## Import packages

In [None]:
import requests
from bs4 import BeautifulSoup
import re
import pandas as pd

## Function definitions

In [None]:
def replace_by_dict(map, text):
    """
    Replace occurrences of keys in the text with their corresponding values from a dictionary.

    This function iterates through each key-value pair in the provided dictionary and 
    replaces all occurrences of the key in the given text with the corresponding value.

    Parameters:
        map (dict): A dictionary where keys are the substrings to be replaced and values are the substrings to replace with.
        text (str): The text in which to perform the replacements.

    Returns:
        str: The modified text with all specified replacements made.
    """
    for key, value in map.items():
        text = text.replace(key, value)
    return text

In [None]:
def get_blog_text(url):
    """
    Retrieve the main text content from a blog post.

    This function sends a GET request to the specified URL, parses the HTML content using
    BeautifulSoup, and extracts the text from all paragraph elements (<p>) that do not
    have any specific class attribute. The extracted text is then concatenated into a
    single string with each paragraph separated by a newline character.

    Parameters:
        url (str): The URL of the blog post to retrieve the text from.

    Returns:
        str: The concatenated text content of the blog post.
    """
    
    req1 = requests.get(url)
    bs1 = BeautifulSoup(req1.content)
    pars = bs1.find_all('p', class_ = '')
    pars_t = [i.text for i in pars]
    full_text = '\n'.join(pars_t)
    return full_text

In [None]:
def get_date_and_tags(text):
    """
    Extract the date and tags from a given text string.

    This function processes a text string to extract the date and tags. The text is expected
    to contain a date followed by a note count, and then tags prefixed by '#'. The date is
    converted to a `datetime.date` object, and the tags are extracted as a list of strings.

    Parameters:
        text (str): The input text string containing the date, note count, and tags.

    Returns:
        tuple: A tuple containing:
            - date (datetime.date): The extracted date.
            - tags (list of str): A list of extracted tags.
    """
    date, tags = re.sub('[1]{1} note|\d notes', '|', text).split('|')
    date = pd.to_datetime(date).date()
    tags = tags.split('#')
    tags = [i for i in tags if len(i)>0]
    return date, tags
    

In [None]:
def get_images(url, letter_dict):
    """
    Download images from a given URL and save them locally.
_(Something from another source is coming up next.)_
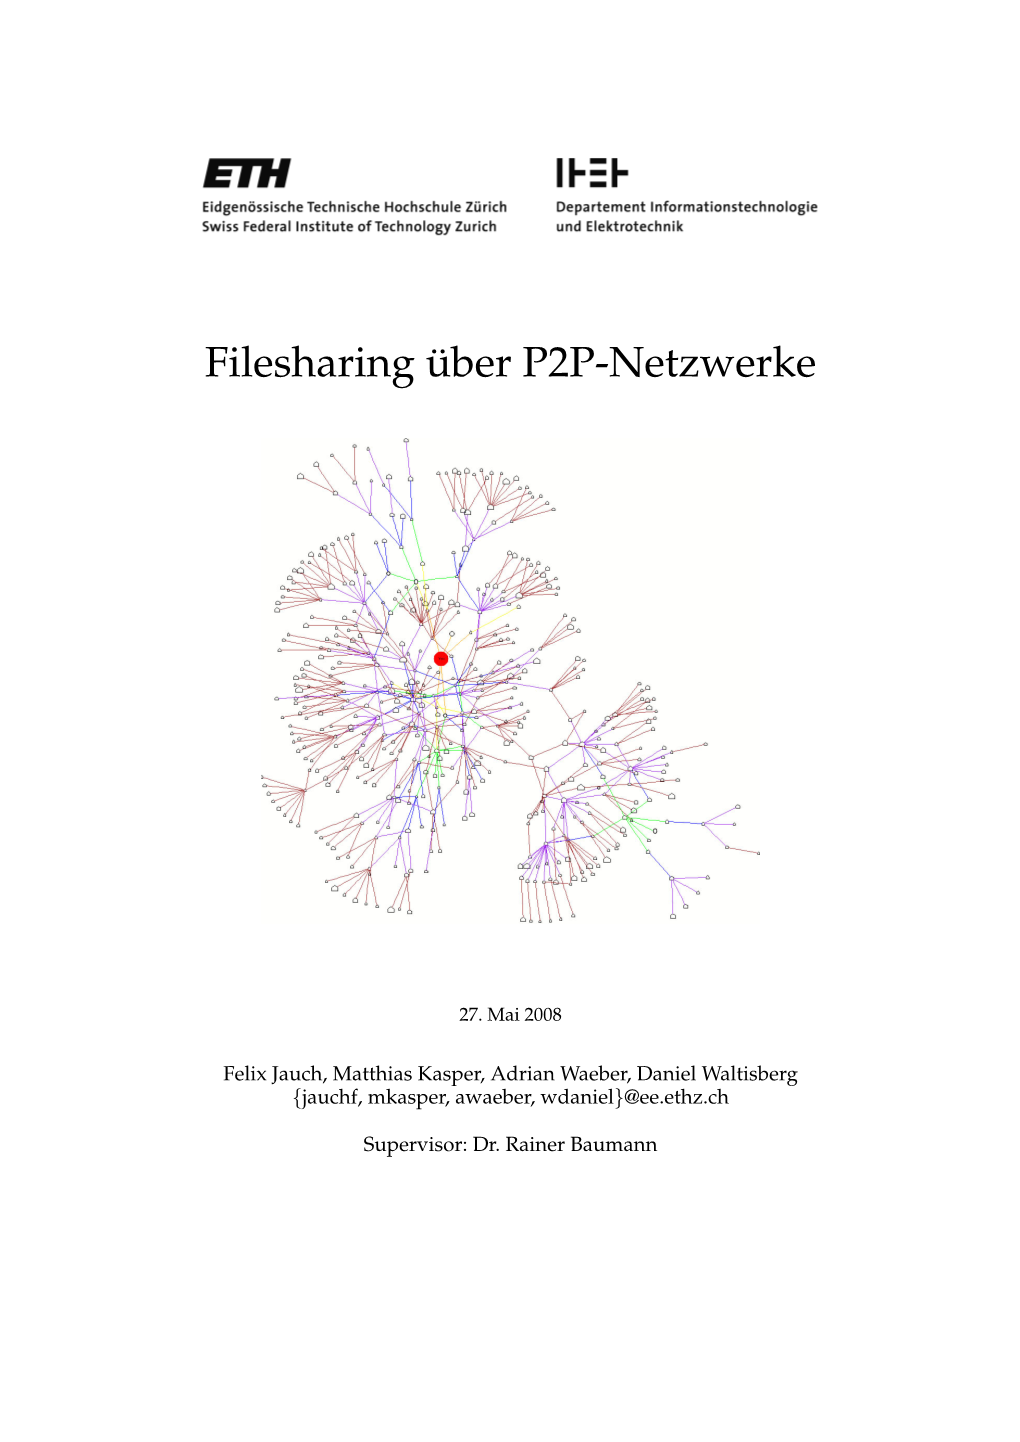 Filesharing Über P2P-Netzwerke

    This function fetches the HTML content from the specified URL, extracts image sources (excluding
    certain images based on their 'alt' attribute), and downloads the images. The images are saved
    locally with filenames generated from the URL's title, modified by a dictionary of replacements.

    Parameters:
        url (str): The URL from which to download images.

    Returns:
        list: A list of URLs of the downloaded images.
    """
    title = replace_by_dict(letter_dict,url.split('/')[-1])
    req1 = requests.get(url)
    bs1 = BeautifulSoup(req1.content)
    imgs_raw = bs1.find_all('img')
    imgs_raw = [i for i in imgs_raw if (i['alt'] not in ['Avatar', ''])]
    imgs_good = [i['srcset'].split(',')[-1].split(' ')[1] for i in imgs_raw]
    for i,v in enumerate(imgs_good):
        im = requests.get(v)
        img_data = im.content
        with open(f'{title}_{i}.jpg', 'wb') as handler:
            handler.write(img_data)
        
    return imgs_good

## Set up variables

In [None]:
letter_dict = {'%C3%A1': 'á',
               '%C3%A9': 'é',
               '%C3%AD': 'í',
               '%C3%B3': 'ó',
               '%C3%B6': 'ö',
               '%C5%91': 'ő',
               '%C3%BA': 'ú',
               '%C3%BC': 'ü',
               
               }

## Execute 

Read the downloaded tumblr archive html file and convert to Beautiful object 

For the code to work you need to download the archive view of your tumblr and paste the path to the downloaded html file
- the download is needed so it contains all the posts
- your archive view url should look like something like this: 
    - https://username.tumblr.com/archive

In [None]:
# Read the downloaded tumblr archive html file and convert to Beautiful object 
# for the code to work you need to download the archive view of your tumblr and paste the path to the downloaded html file
# the download is needed so it contains all the posts
# your archive view url should look like something like this: 
# https://username.tumblr.com/archive
tumblr_archive_html = ''

with open(tumblr_archive_html, 'r', encoding='utf-8') as file:
    html_content = file.read()
bs = BeautifulSoup(html_content)

- Extract all the links of the specific class
- Extract the URLs from the links
- Extract and convert the titles from the urls (conversion is needed so it is using Hungarian letters)

In [None]:
letter_dict = {'%C3%A1': 'á',
               '%C3%A9': 'é',
               '%C3%AD': 'í',
               '%C3%B3': 'ó',
               '%C3%B6': 'ö',
               '%C5%91': 'ő',
               '%C3%BA': 'ú',
               '%C3%BC': 'ü',
               
               }

In [None]:
# Extract all the links of the specific class
# Extract the URLs from the links
# Extract and convert the titles from the urls (conversion is needed so it is using Hungarian letters)
all_links = bs.find_all('a', class_ = 'oKaff QmZ0e')
all_urls = [i['href'] for i in all_links]
all_titles = [replace_by_dict(letter_dict,i.split('/')[-1]) for i in all_urls]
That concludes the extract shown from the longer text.